徴兵制復活

これから日本のとるべき道は徴兵制の復活であるという話をする。

ただし、徴兵制の復活は周辺諸国(具体的には日本が戦争・占領をした国)への謝罪とトレードオフである。
すべての国家は軍隊を持つ。いや、軍隊に限らず、組織された暴力装置を持っている。学校で体育をし、一律に制度化された勉強をするのは、身体であれ、科学技術であれ、あるいは法制度や政治イデオロギーであれ、官僚・企業・学校組織の再生産等々の近代的制度に順応すること、それを組織する一員になることである。また、このように組織された集団が一律に協力して巨大な成果を生み出すとき、細かい分業によって統制された集団行動を行うとき、それを暴力装置と呼ぶ。それがどのように行使されるかは状況次第である。

国民国家はいつでも総力戦体制である。その形態が変わるだけである。その点で、学校も軍隊も暴力装置の一部としての性格は同じであると思う。徴兵制も、軍隊も、平和裏に行われれば学校と同等の社会維持装置として機能するだろう。
派生的な問題は、軍隊がホモソーシャルな空間になることである。今の社会では女性の徴兵を認めなければならないだろう。軍隊はキャリアトラックのひとつであり、その利用は両方の性に開かれているべきだろうから。
私は学校(中等教育以上)も軍隊も国民国家では同じように機能するのだろうと言いたい。学校が素晴らしいのと同じように軍隊も素晴らしいし、学校が醜悪であるのと同じように軍隊も醜悪である。
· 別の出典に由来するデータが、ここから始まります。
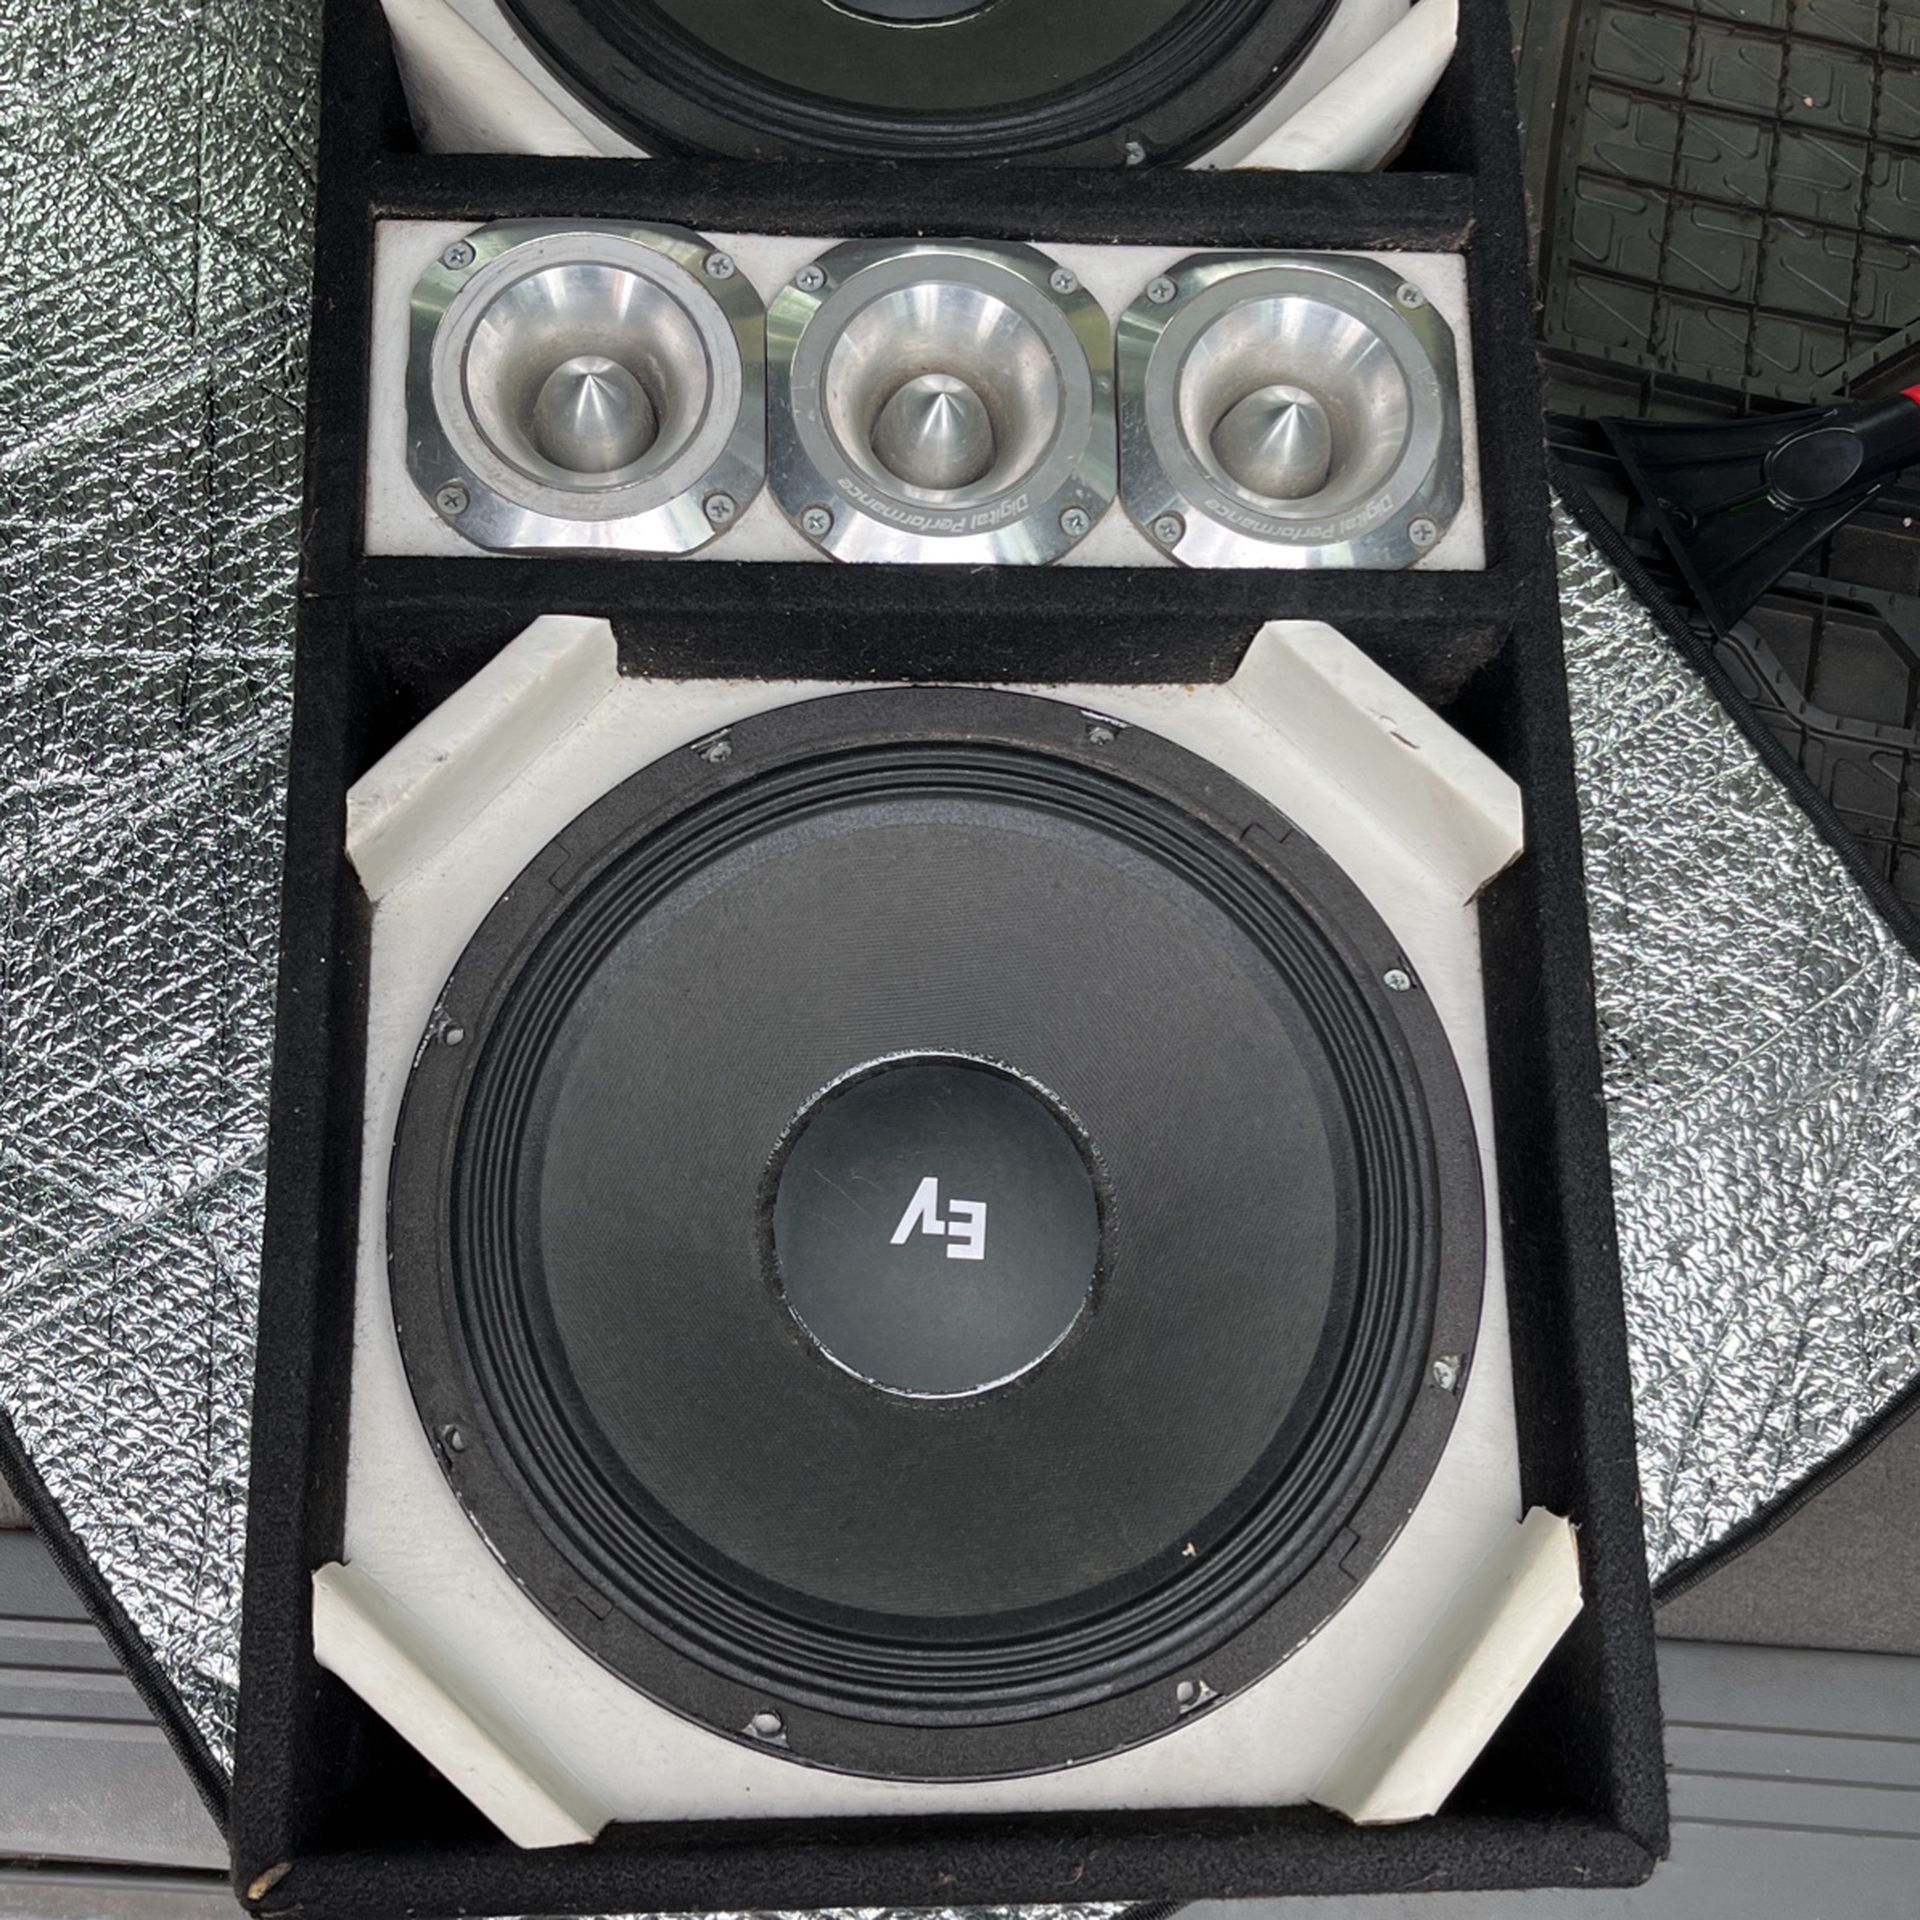 Evz 12 Inch Mega Bass With Chuchero Box And Tweeters 400 Or Best Offer 
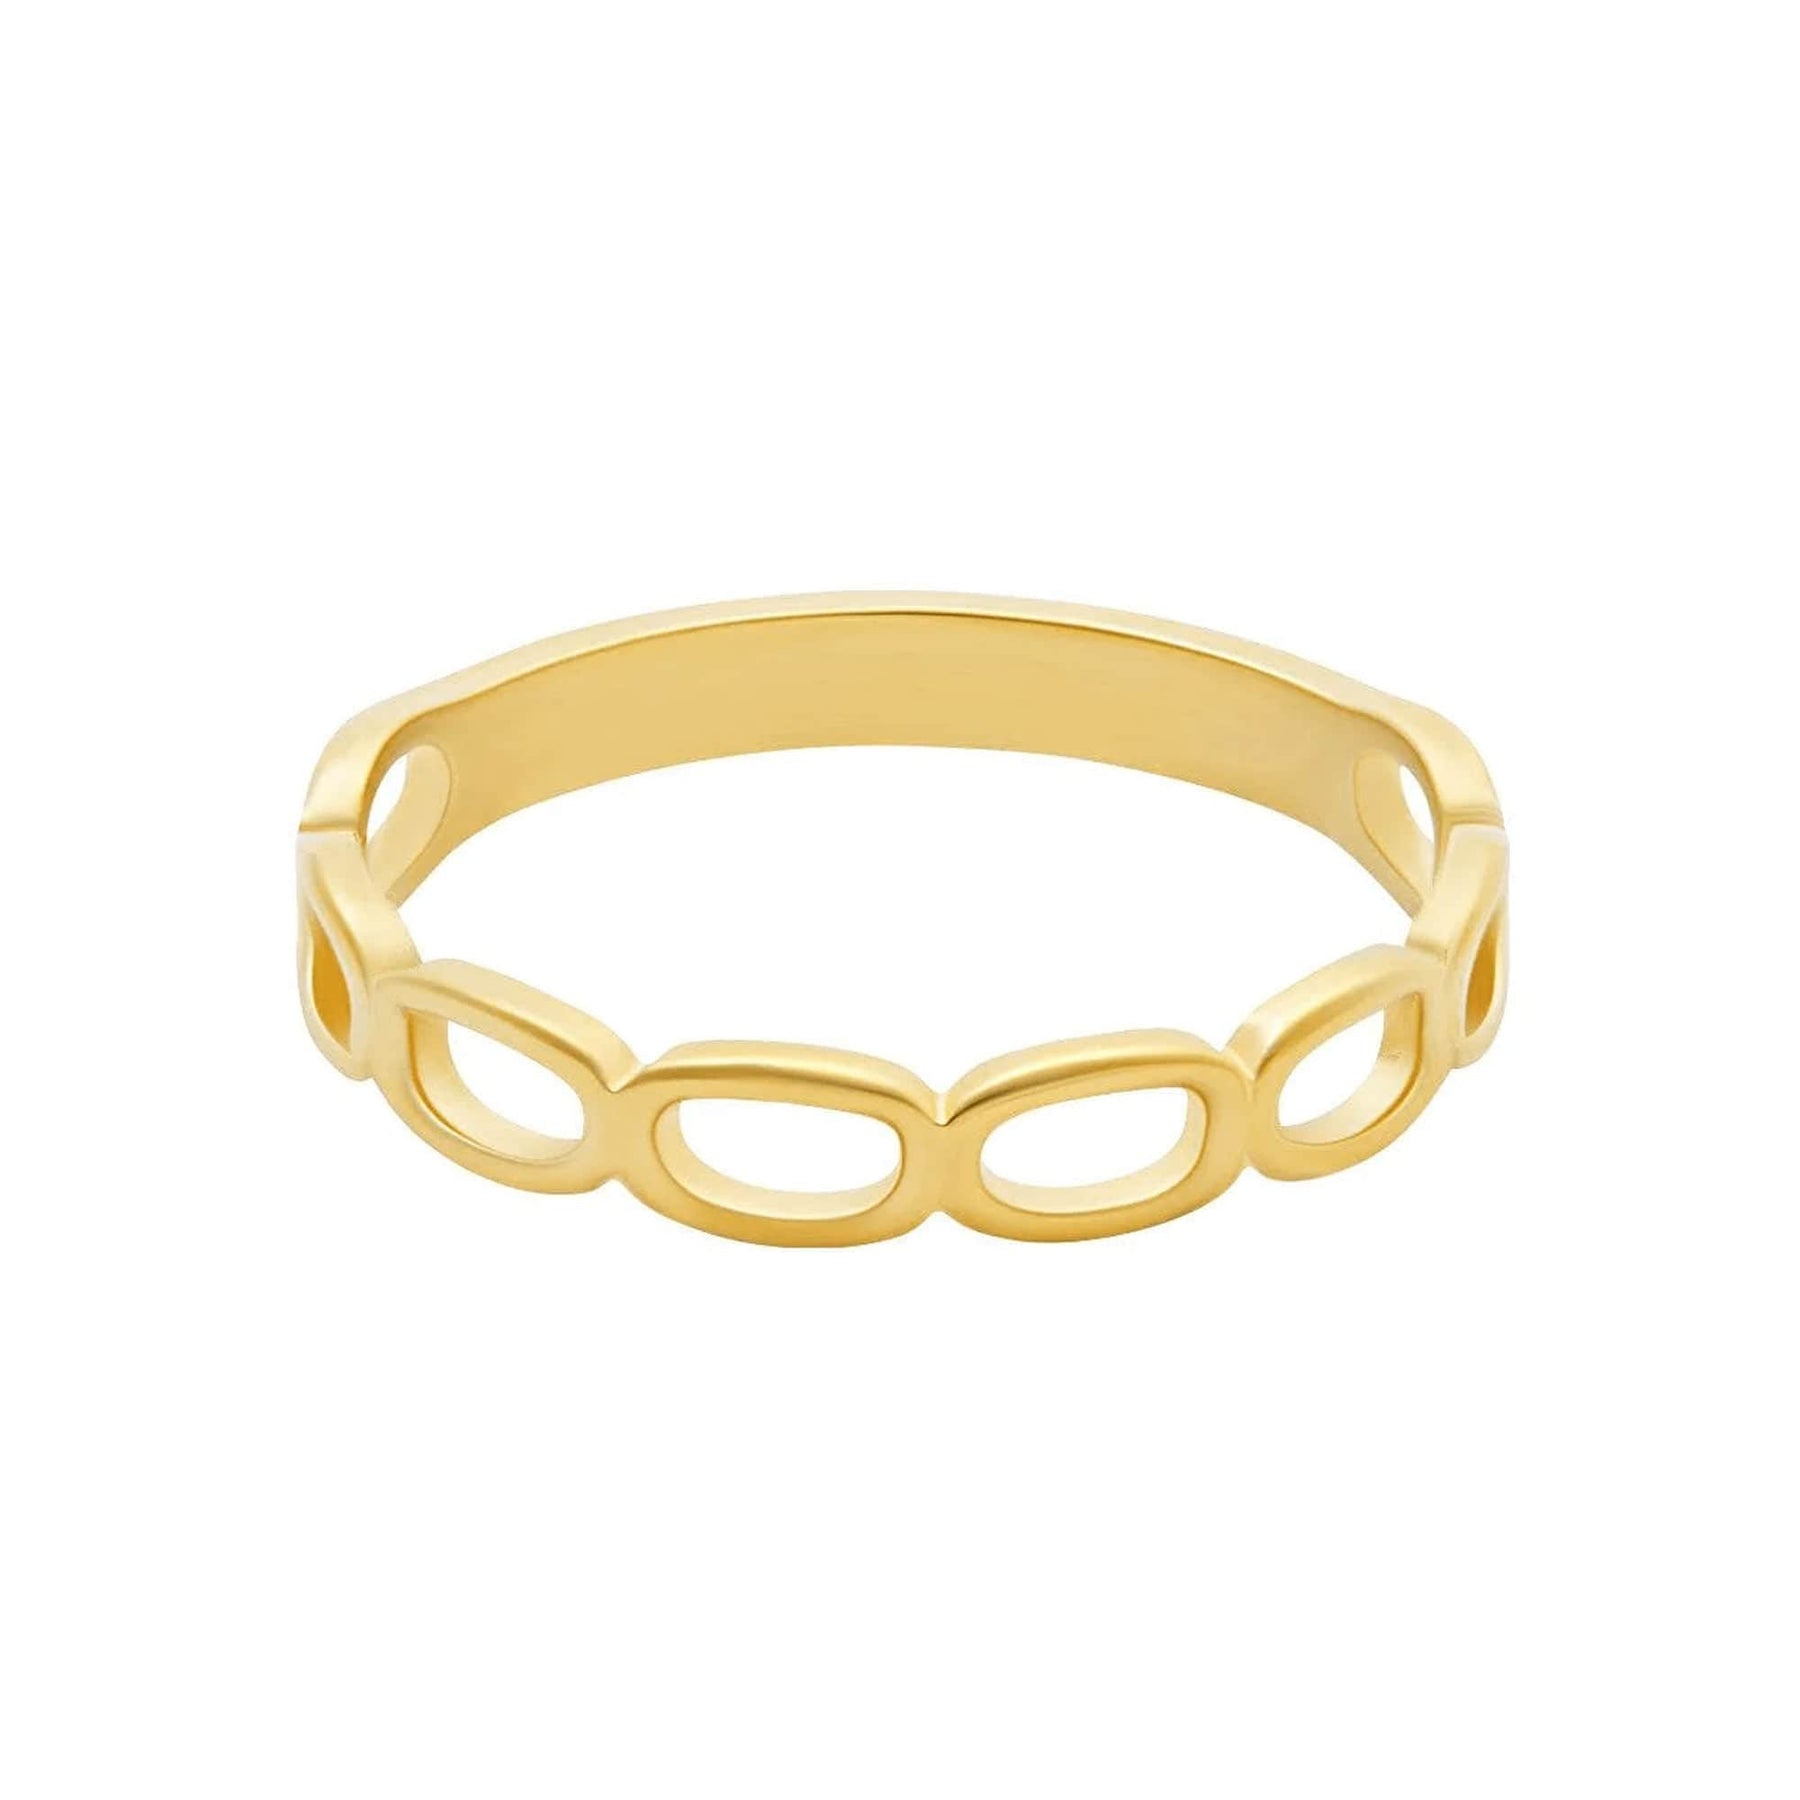 BohoMoon Stainless Steel Chain Ring

さて、国民国家は軍隊を持つし、現に日本も軍隊を「持って」はいるが、それを持っていないことにしているのは、軍隊を持つ(公的に認める、正当化する)ことがそのまま暴力的拡張主義あるいは暴力による短絡的な紛争「解決」を引き起こすだろうということに、周辺諸外国だけでなく多くの日本国民も同意している結果である。私たちは倫理的に未熟であり、このようなさるぐつわを噛ませておかなければなにをしでかすかわからないということを、70年前の歴史が物語っているのである。

この倫理的未熟のおかげで、日本はいまだに根本的な謝罪を免れている。それが、戦争犯罪自己批判できなかったことであり、とくに、昭和天皇を存続させたことである。
したがって、軍隊を「持つ」(公的に認める、正当化する)ためには、戦争に対する徹底的な自己批判憲法改正を含むレベルで行い、台湾、韓国、中国、東南アジア、そして米国(旧ソ連にはしなくていいと思う。不可侵条約を向こうが破ったので)に首脳あるいは国会決議のレベルで謝罪することが必要である。
しかし、これによって日本は学校とならぶ国民国家の組織化手段である軍隊を正当に手に入れることができる。

そのかわり、日本は暴力装置を倫理的に、国際法に則る形で、その直接的な行使を可能な限り避けるというしかたで、使うことができなければならないだろう。これができるか、あるいは、できるようになるだろうか。
アメリカに管理してもらっている現状では難しいと思う。そのような、暴力を管理する知恵の蓄積がないからである。この蓄積は、もしかすると実際に、内乱なり戦争なりを経験しなければ培えないものなのかもしれないが。
だが、いずれ日本は徴兵制を復活し、同時に周辺諸国に謝罪し(憲法のレベルで天皇制を放棄し)、そしてアメリカから独立することになるのではないだろうか。